The police came about 20 minutes later and filed a report. My boss came 30 minutes after they left and demanded I finish the remaining three hours of my shift, which I did before stealing $25 of my own plus Canadian cigarettes and a bottle of Polish vodka. That was my compensation for nearly losing my life for $8 an hour.

When I got home, I brought the vodka and a two-liter of Coke out onto the balcony and chain-smoked cigarettes until I was good and drunk. Scott’s lights were still off and I assumed he was out on a date somewhere, most likely spending more on dinner than I ever had, just so he could spite me. I wanted nothing more than to tell him about the day I’d had, and how I had come closer to dying than he ever had—and how I had won this particular competition. I laughed a little out loud and accidentally splashed my drink onto the plastic patio table beside me, where the BB gun still laid from last night. My eyes instantly fixated on the weapon, and I saw it differently than I ever had before. What was the allure of a weapon like this? Why were combat and crime and causing harm so inherent to human nature? I wondered if the 300-pound robber ever sat on his balcony with a vodka and Coke and his pistol sitting next to him on a table. Did he think about stuff like this? Did he question himself? Did he question his ability to take another life? Would he really have killed me if I hadn’t given him the money? Did he play with guns as a boy? Did every boy play with guns growing up? How could a species be so indifferent to death and hope to function? How could a species survive with this sort of nonchalant mentality toward taking a life?

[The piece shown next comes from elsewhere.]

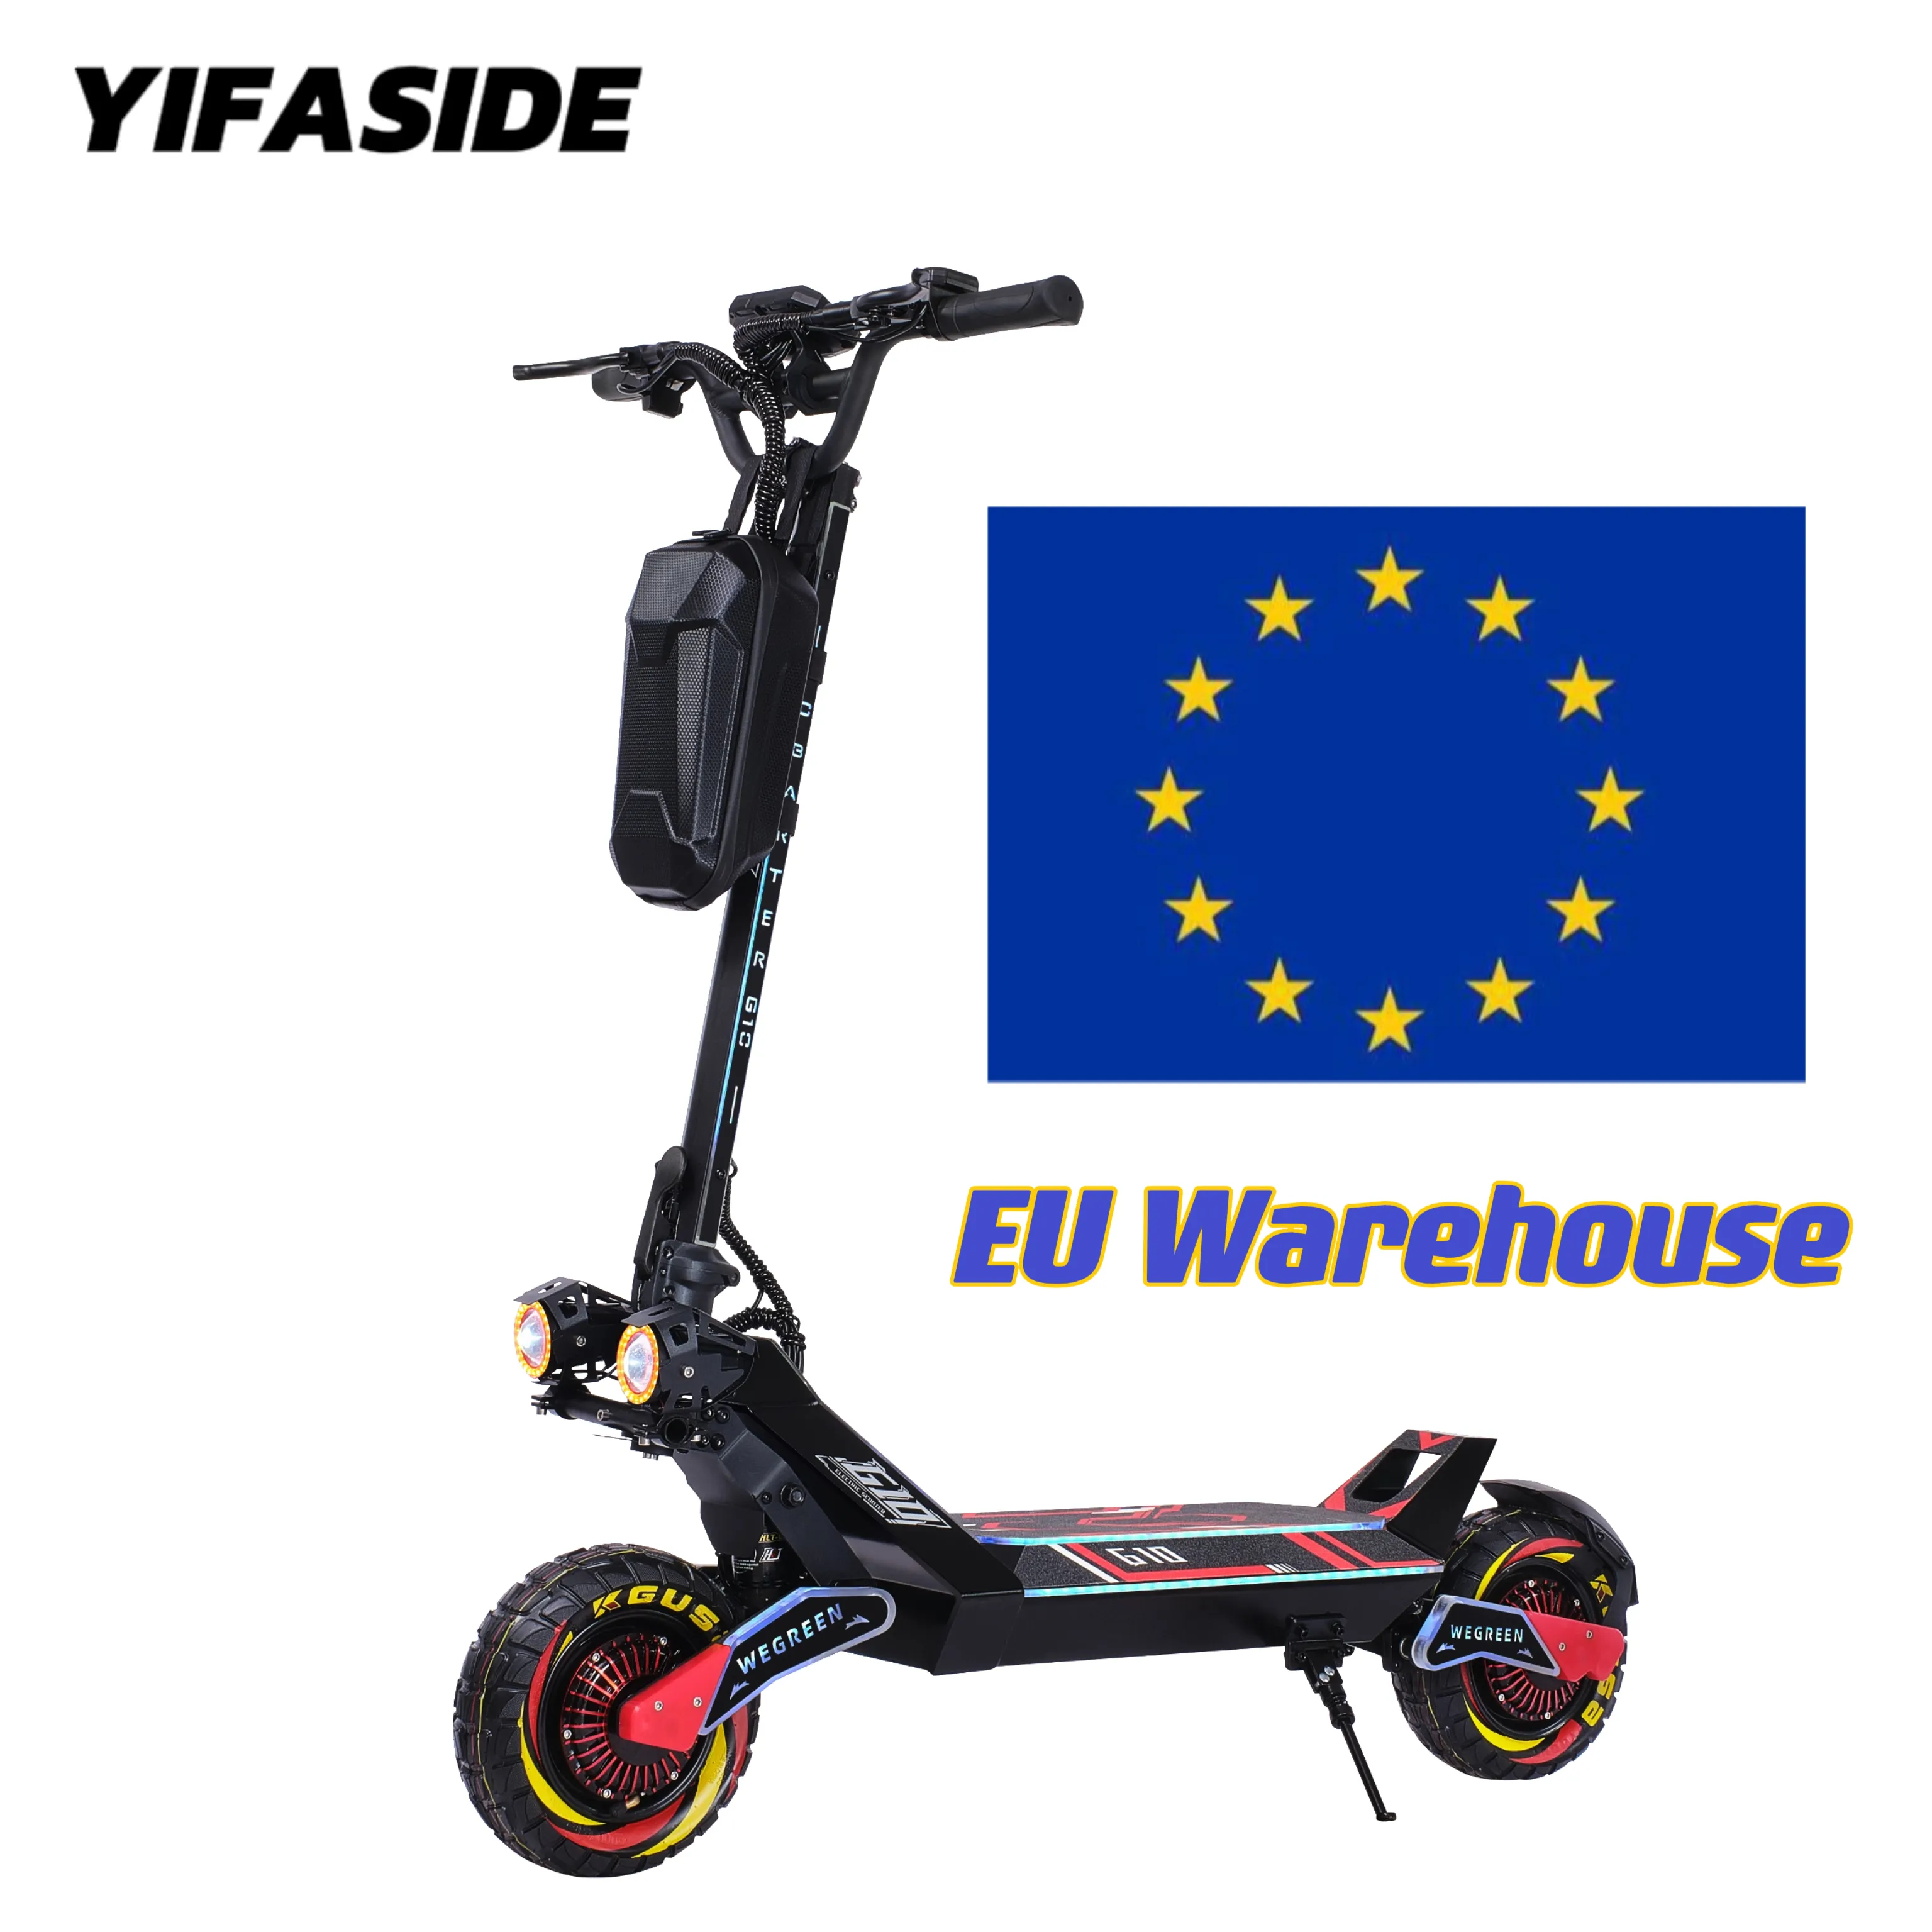 NFC hotsale điện Scooter obarter G10 mạnh mẽ Xách Tay Dành cho người lớn giá rẻ tốc độ cao 10inch chất béo lốp e-bike EU Kho bán buôn

Headlights then appeared from the driveway before extinguishing into the courtyard of fig trees. A car door opened and shut. Black slacks began to walk up the steps to the second floor, illuminated in the midnight ambiance by a yellowed overhead floodlight. I had every intention of reaching for the phone to call Scott and tell him of the robbery the moment he walked in his front door, but I picked up the BB gun and shot him in the thigh instead.